Shadows of the Highridge is born of dual inspirations: Tremors (yes, that cult classic with Kevin Bacon) and Cry the Beloved Country (Alan Paton would probably cry anew to see this amalgamation). The principal mystery in Into the Nanten, Brin Salisir, is a secondary but vital character within Shadows of the Highridge. A standalone fantasy horror featuring intelligent, murderous worms and some very inconvenient soldiers, Shadows of the Highridge can be read on its own, but it’s also a great way to delve a little deeper into the Nanten.
It’s a short fun read, and while you’re waiting for it to download (or get shipped to you) let me know in the comments one of two things: 1) What combination of inspirations do you think made the original creators cringe to see? 2) What’s one of the weirdest things that’s ever happened to you while traveling?
Mere miles away, Vanig’s search for water to revive his farm is cut short when soldiers arrive bearing dark news of disaster striking farms throughout the region – and they suspect he is the root cause of it all. Those suspicions spike when a disheveled warrior appears hundreds of miles from home and takes Vanig hostage.
Death looms in the shadows of the Highridge.
Enjoy an excerpt:
Tolly had never run so hard. The house was so far off. How could she make it?
The certainty grew within her: Time was short. Why was she so sure? She could feel the panic rise.
“Tolly!” Nym was chasing her. “Come back!”
No, she thought. Bring them this way! But her lungs were already burning. She couldn’t yell any more. All she could do was run. Please, Nym, just listen.
“Little sister!” A Truan hand heard the commotion and came running from the other side of the house. “Little sister, stop! Kanda says it is not safe!”
Get out of my way, she wanted to yell. Run with me. But all of her air was spent on sprinting. The man was closing on her. She would have to dodge him somehow. She couldn’t let him stop her. He was ten feet away. Then the ground exploded beneath him.
Tolly fell, skidding to a halt as her skirts flew up around her. Scrapes burned along her thighs and up her backside. She heard screams behind her. The dust obscured her view. And then, through falling earth, she saw half of the Truan’s body thrown into the air by a tower of dirt.
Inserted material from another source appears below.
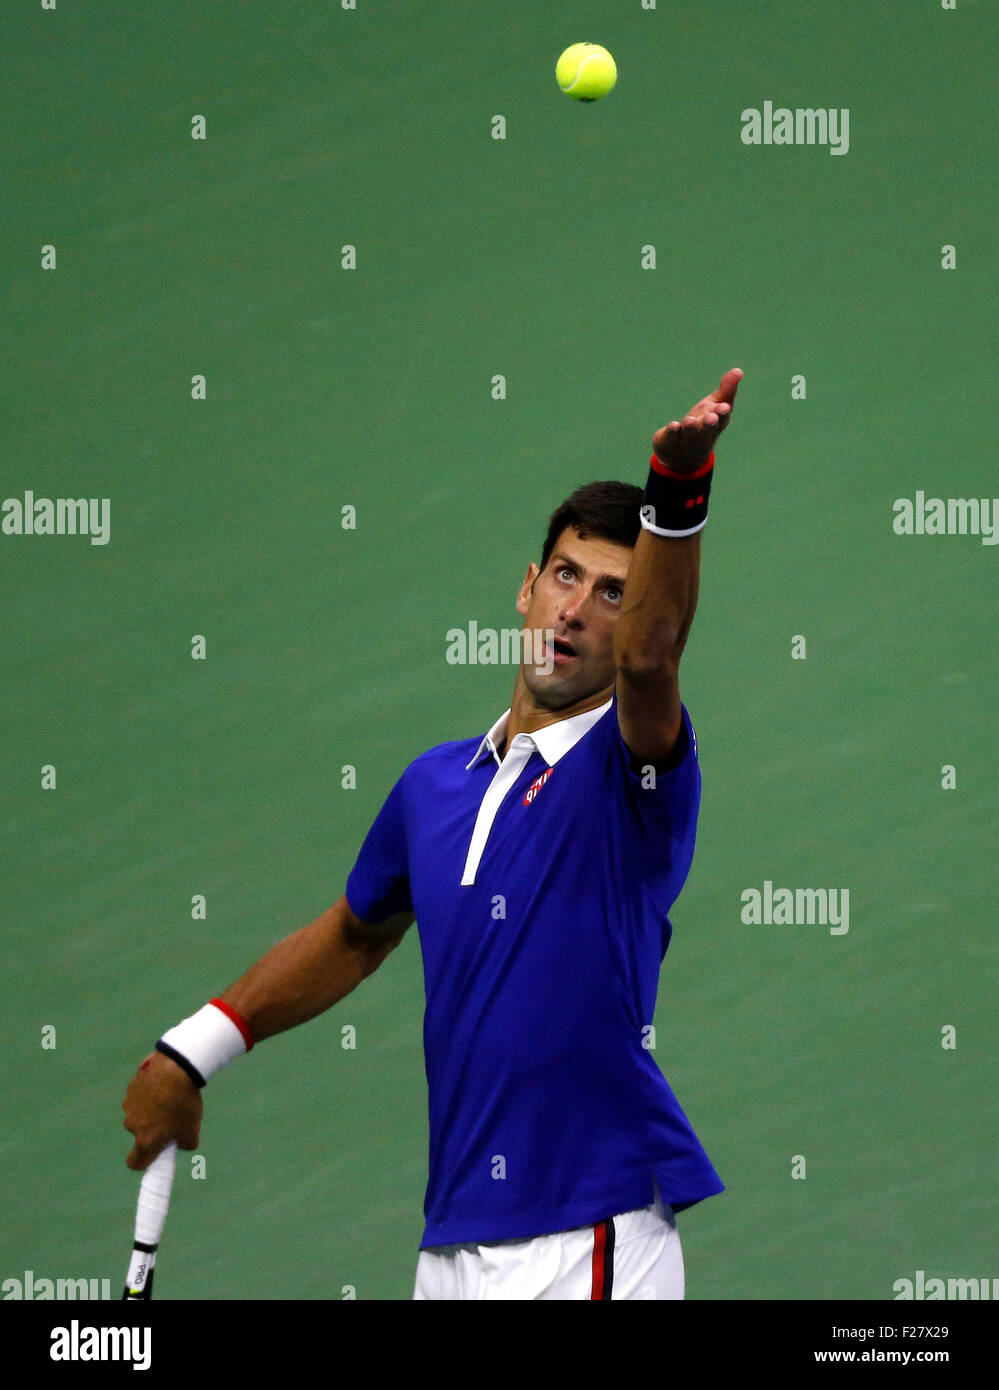 New York, USA. 13 Sep, 2015. Novak Djokovic la Serbie de sert à Roger Federer de la Suisse pendant leur masculin finale à l'US Open 2015 à New York, États-Unis, le 13 septembre, 2015. Credit : Qin Lang/Xinhua/Alamy Live News Banque D'Images

No, not dirt, it was living. A snake. A worm. The monster was thicker than ten men standing together and jutted out of the ground twice as high. Three massive jawbones worked separately to hold the torso of the Truan in place. Whatever was happening within the mouth, Tolly didn’t want to see it.
About the Author:
Paris will always have a place in Jay’s heart; he lived in France for two years, but he’s currently working in the US as a consultant on electronic medical records. Basically, he lives on planes.
Jay has a background in design and video production which have been instrumental in his self-publishing endeavors. Jay was telling stories from an early age, and latched on to video as soon as he discovered he could borrow people’s cameras. The stories that would one day become the Vitalis Chronicles began to take form in Jay’s head as movie ideas while he was still in college, and he began writing them down when he realized that they might make good books as well as films (and that if he died in Africa, there would be nothing left to prove they ever existed). He started writing White Shores in May of 2010 and finished on Christmas day of that year in Applesbosch, South Africa.